How to Validate Word DOCX Documents in Power Automate
Word (DOCX) documents can have all kinds of problems. Those can include anything from formatting issues to content errors and file integrity deficiencies.
If we’re building Power Automate flows that deal with a high volume of DOCX files, it’s worth checking those files for problems before we make them available to a wider audience.
Validate Word DOCX Documents in Power Automate
Thankfully, there’s an easy way to do that in Power Automate. We can validate DOCX files using an API available in the Cloudmersive Document Conversion connector library.
This API detects whether the file in question is a valid DOCX document to begin with (i.e., if it bears a .docx
extension but does NOT contain .docx
contents, which is entirely possible) and provides a detailed ErrorsAndWarnings response array enumerating any directly identifiable issues.
{
"DocumentIsValid": true,
"PasswordProtected": true,
"ErrorCount": 0,
"WarningCount": 0,
"ErrorsAndWarnings": [
{
"Description": "string",
"Path": "string",
"Uri": "string",
"IsError": true
}
]
}
It’s easy to implement this API into any regular DOCX processing flow. We’ll walk through an example of that now.

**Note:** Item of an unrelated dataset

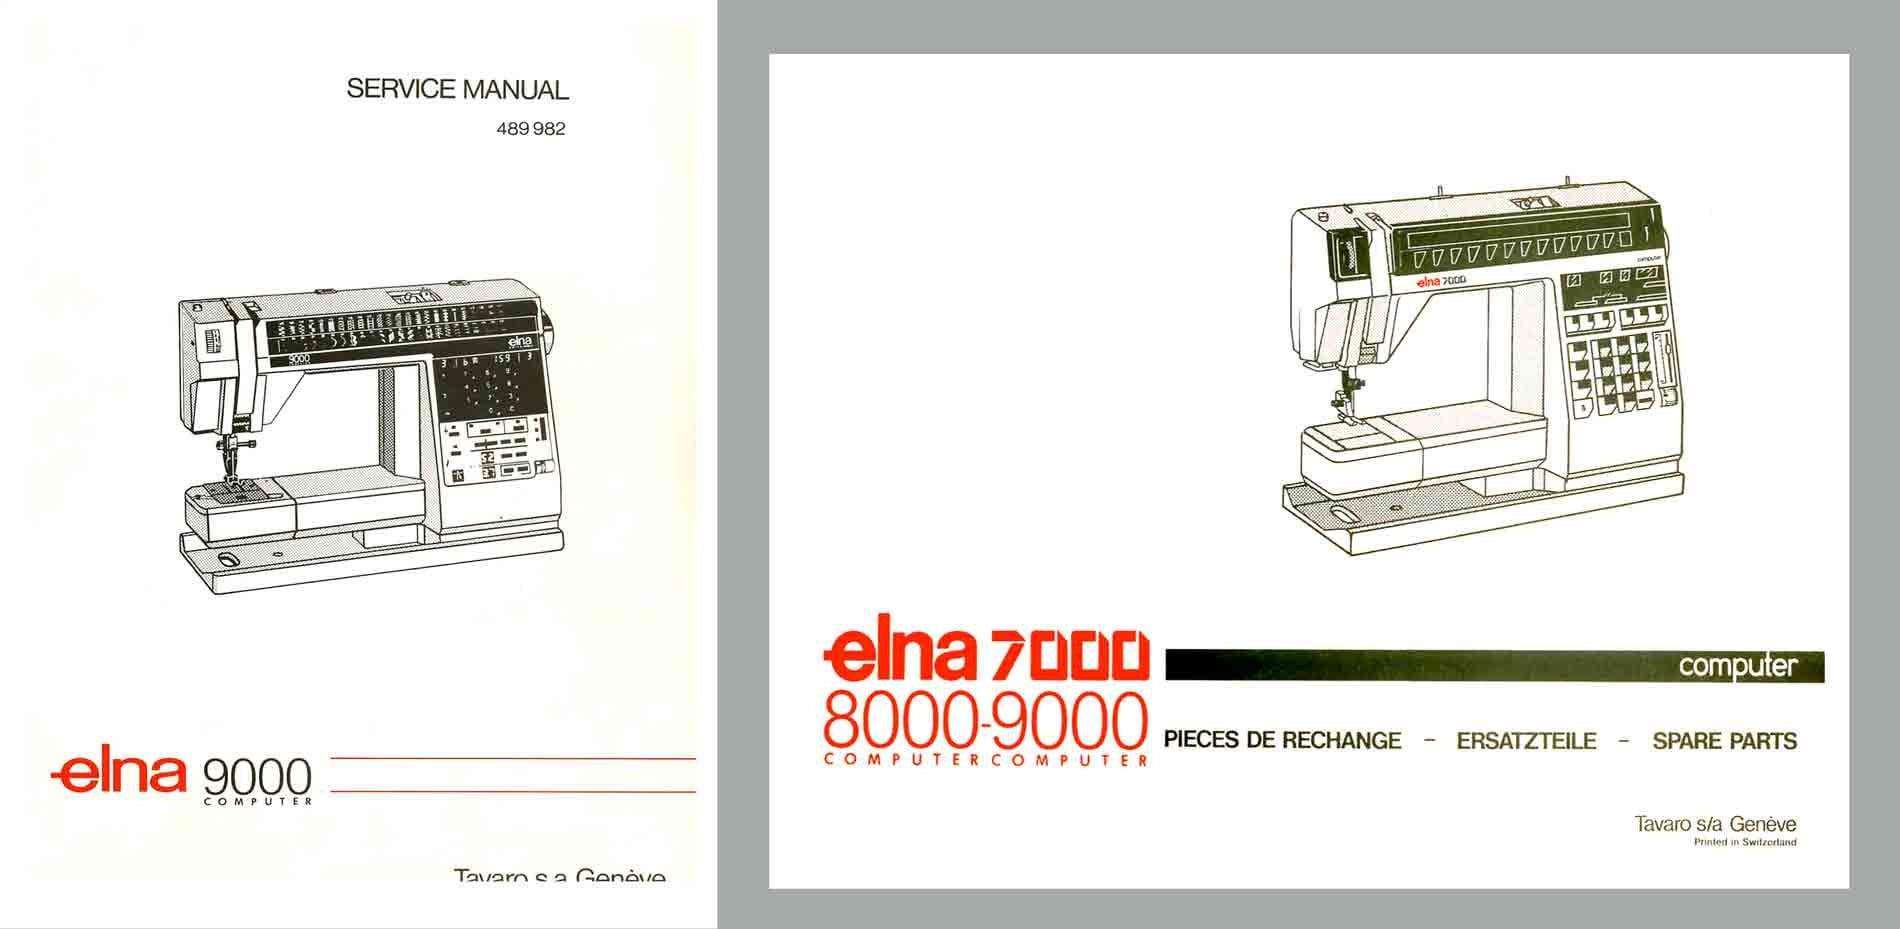 Elna 9000 Diva Service Manual And Parts Schematics Book Etsy Computer Diagram Basic Of A 50

To create our test case, we’ll build a manually triggered instant cloud flow.
We’ll imagine this flow is extracting documents from one folder and moving them to another. We’ll use a List files in folder action to get information about DOCX files in our folder, and we’ll follow that with a Get file content action to grab the file bytes using the file identifiers.

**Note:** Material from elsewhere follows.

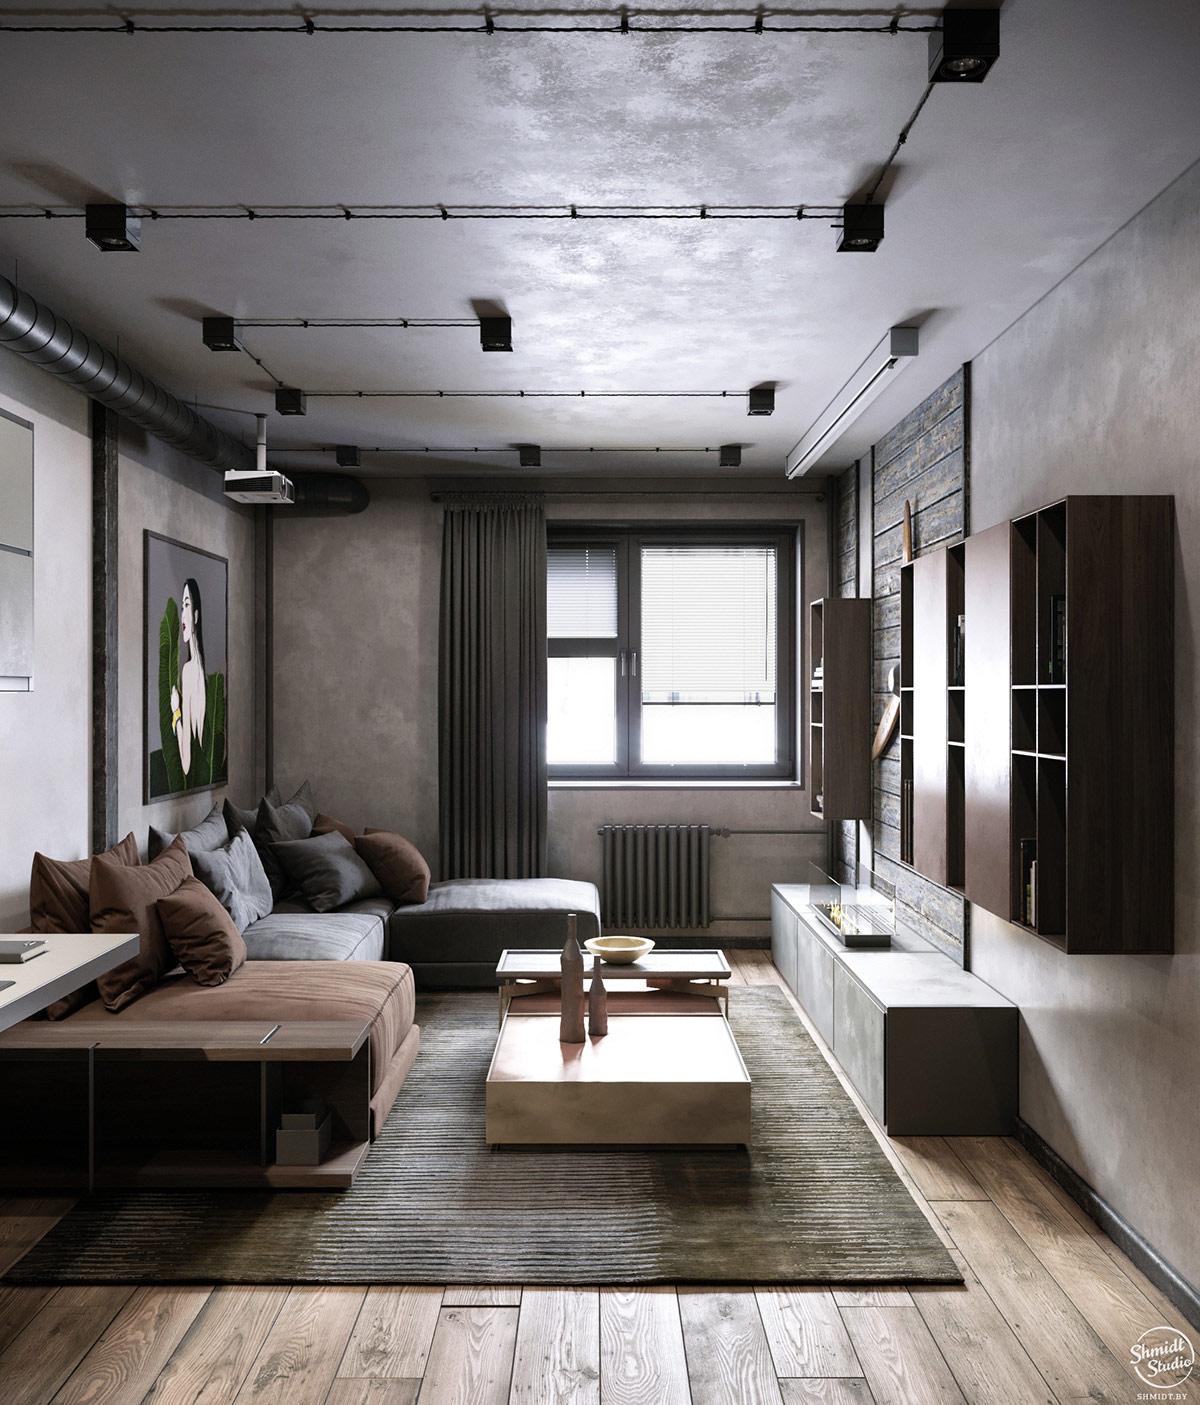 brown-and-grey-sofa

Because we’re dealing with an array of files, Power Automate will automatically wrap our Get file content action in a For each control.
Within the For each control, we’ll add our DOCX validation action. We’ll find it by first searching the connector library for Cloudmersive connectors, and then locating the Cloudmersive Document Conversion connector with the green logo.

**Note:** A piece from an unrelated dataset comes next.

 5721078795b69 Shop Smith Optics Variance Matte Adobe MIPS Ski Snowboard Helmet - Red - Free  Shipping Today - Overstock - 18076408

We’ll click “See more” to view the full actions list, and from there, we’ll CTRL+F search for an action called Validate a Word Document (DOCX). The actions list is organized alphabetically, so we’ll find this action at the very bottom.
Once we select this action, we’ll need to focus on creating and authorizing our third-party API connection. We’ll need a Cloudmersive API key (and, like all third-party connectors, a premium Power Automate license), and we can get one for free by visiting the Cloudmersive website and creating a free account. With a free API key, we’ll be able to make up to 800 API calls each month with no commitments.
To configure our DOCX validation request, we’ll simply pass our dynamic file content into the Input File parameter, and then we’ll pass the file name (from our List files in folder action) to the File Name parameter.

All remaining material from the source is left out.